Both fasting glucose production and disappearance are abnormal in people with "mild" and "severe" type 2 diabetes

To determine whether regulation of fasting endogenous glucose production (EGP) and glucose disappearance (R(d)) are both abnormal in people with type 2 diabetes, EGP and R(d) were measured in 7 "severe" (SD), 9 "mild" (MD), and 12 nondiabetic (ND) subjects (12.7 +/- 0.6 vs. 8.1 +/- 0.4 vs. 5.1 +/- 0.4 mmol/l) after an overnight fast and during a hyperglycemic pancreatic clamp.
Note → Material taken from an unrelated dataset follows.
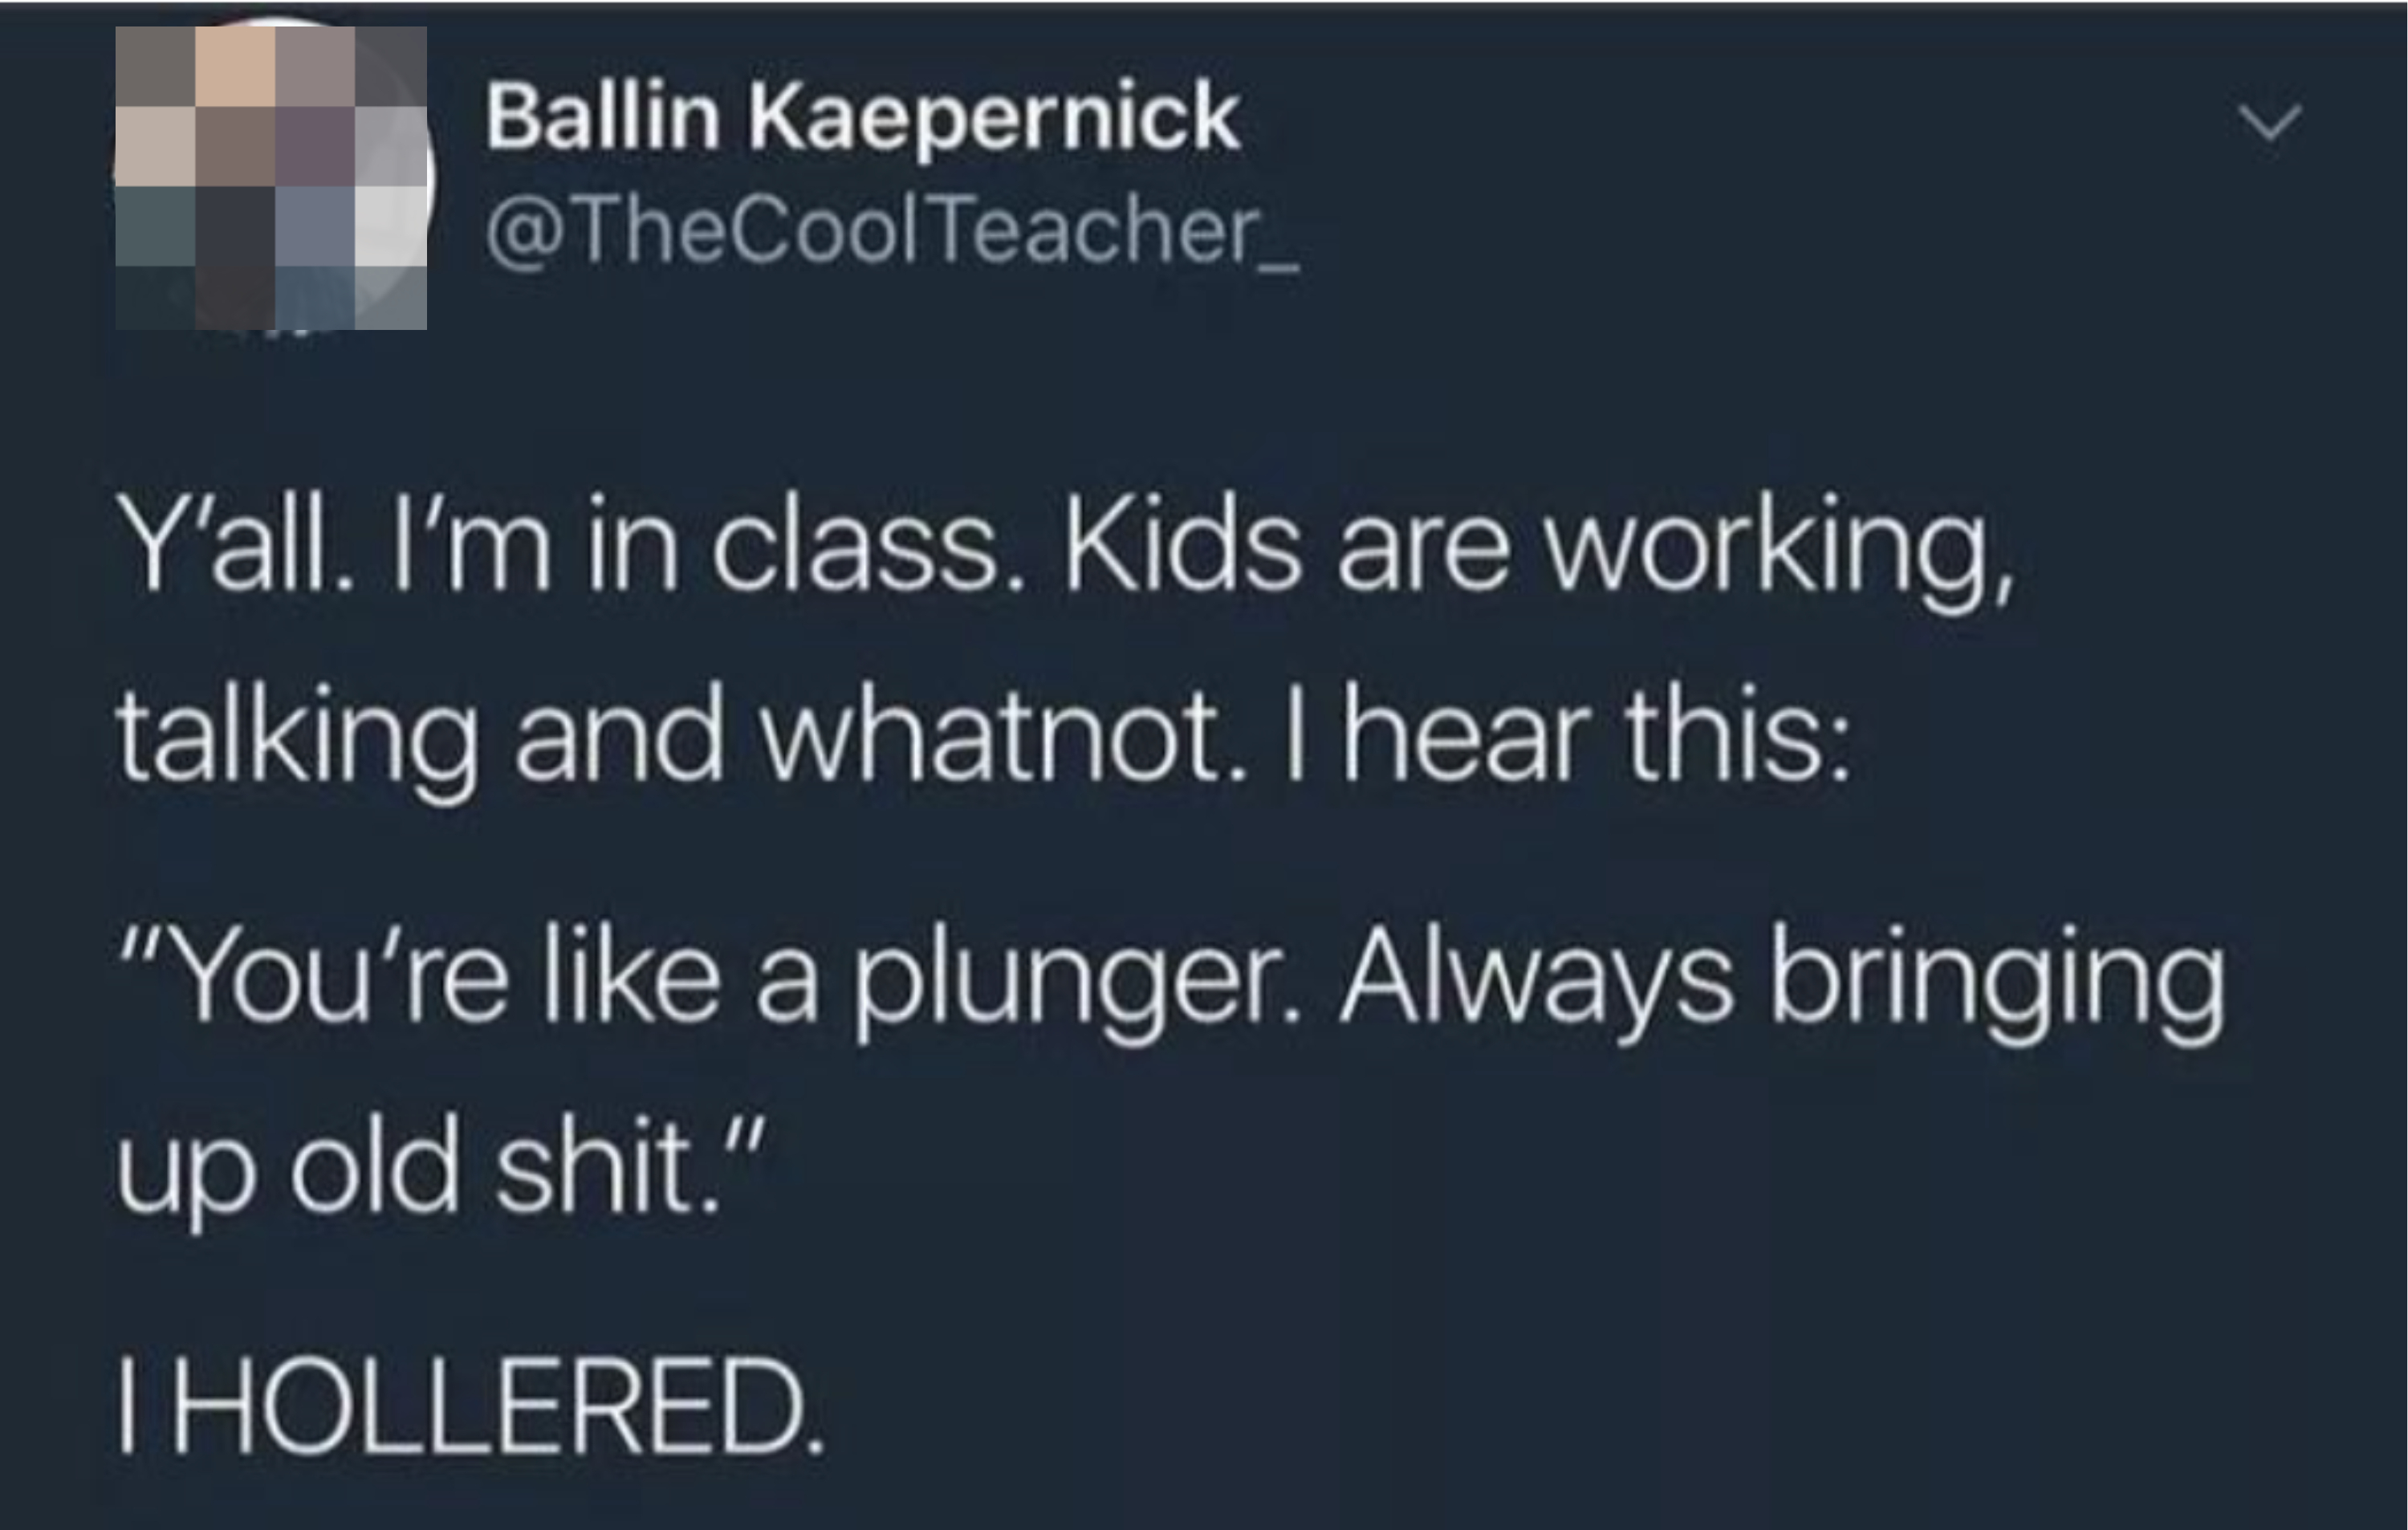 &quot;You&#x27;re like a plunger. Always bringing up old shit.&quot;
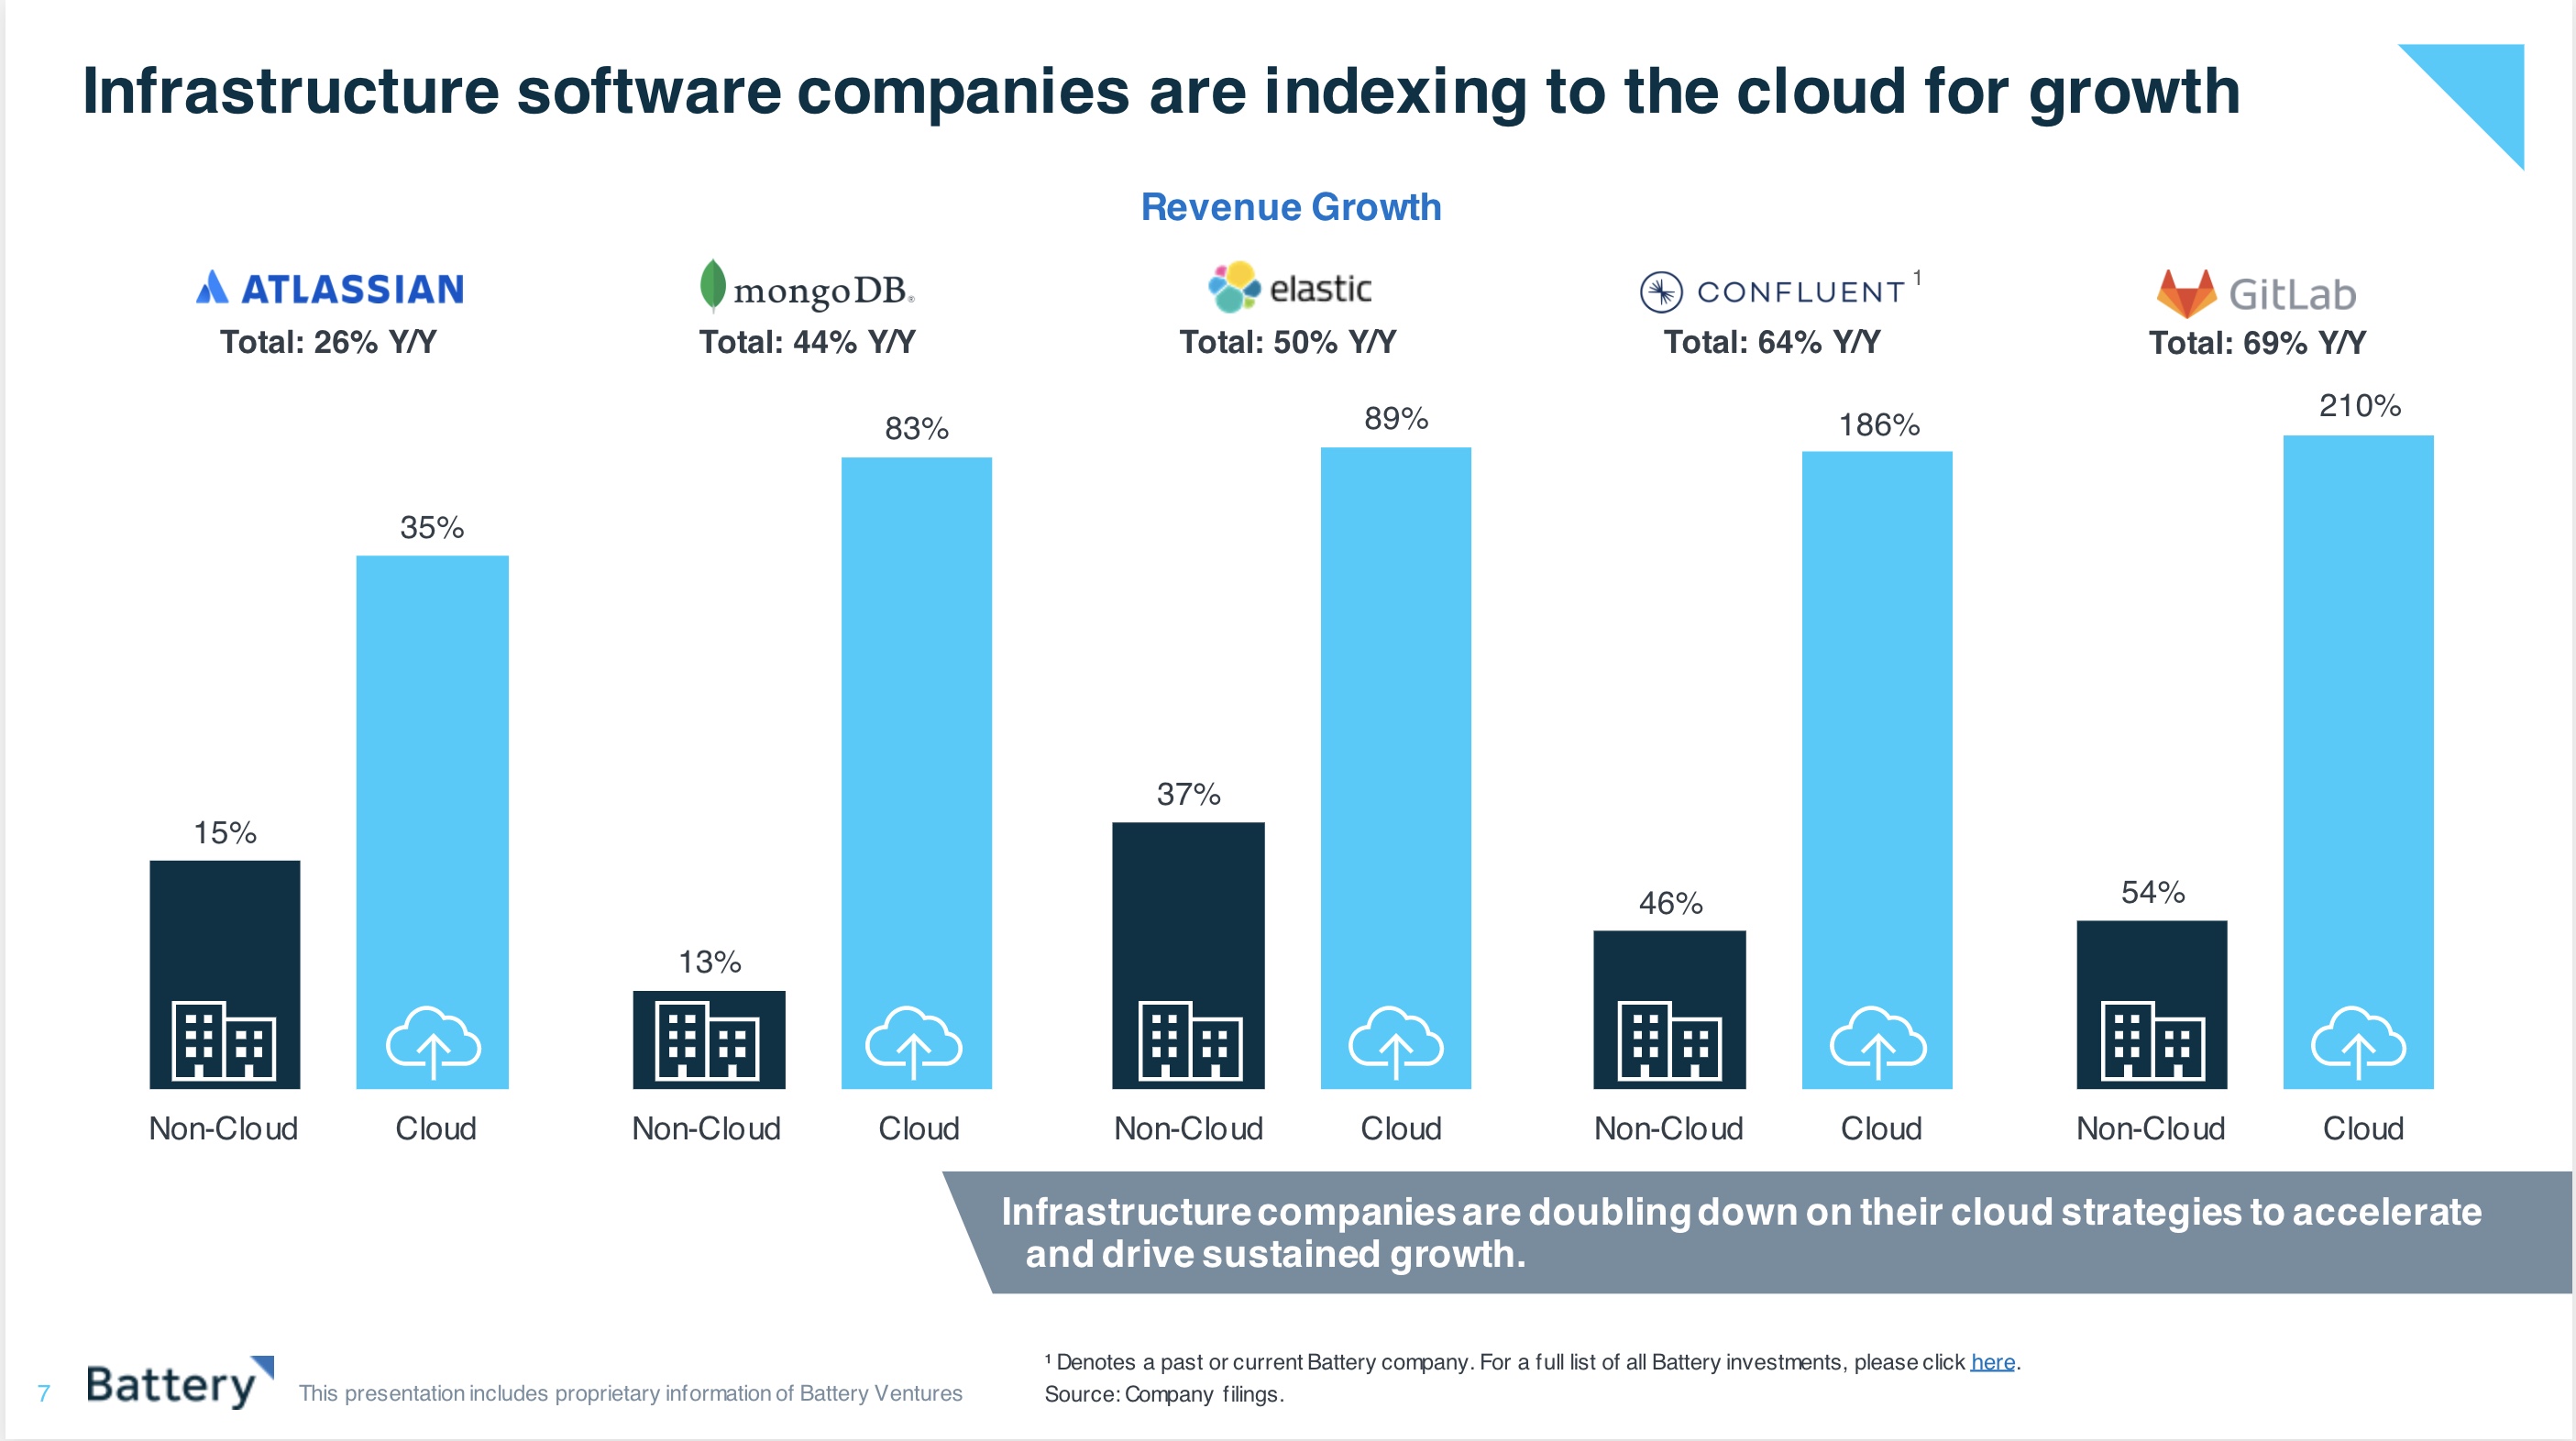 Cloud growth blows away other revenue growth according to research from Battery Ventures.

Fasting insulin was higher in both the SD and MD than ND subjects, whereas fasting glucagon only was increased (P < 0.05) in SD. Fasting EGP, glycogenolysis, gluconeogenesis, and R(d) all were increased (P < 0.05) in SD but did not differ in MD or ND. On the other hand, when glucose ( approximately 11 mmol/l), insulin ( approximately 72 pmol/l), and glucagon ( approximately 140 pg/ml) concentrations were raised to values similar to those observed in the severe diabetic subjects, EGP was higher (P < 0.001) and R(d) lower (P < 0.01) in both SD and MD than in ND. The higher EGP in the SD and MD than ND during the clamp was the result of increased (P < 0.05) rates of glycogenolysis (4.2 +/- 1.7 vs. 3.5 +/- 1.0 vs. 0.0 +/- 0.8 micromol.kg(-1).min(-1)), since gluconeogenesis did not differ among groups. We conclude that neither glucose production nor disappearance is appropriate for the prevailing glucose and insulin concentrations in people with mild or severe diabetes. Both increased rates of gluconeogenesis (likely because of higher glucagon concentrations) and lack of suppression of glycogenolysis contribute to excessive glucose production in type 2 diabetics.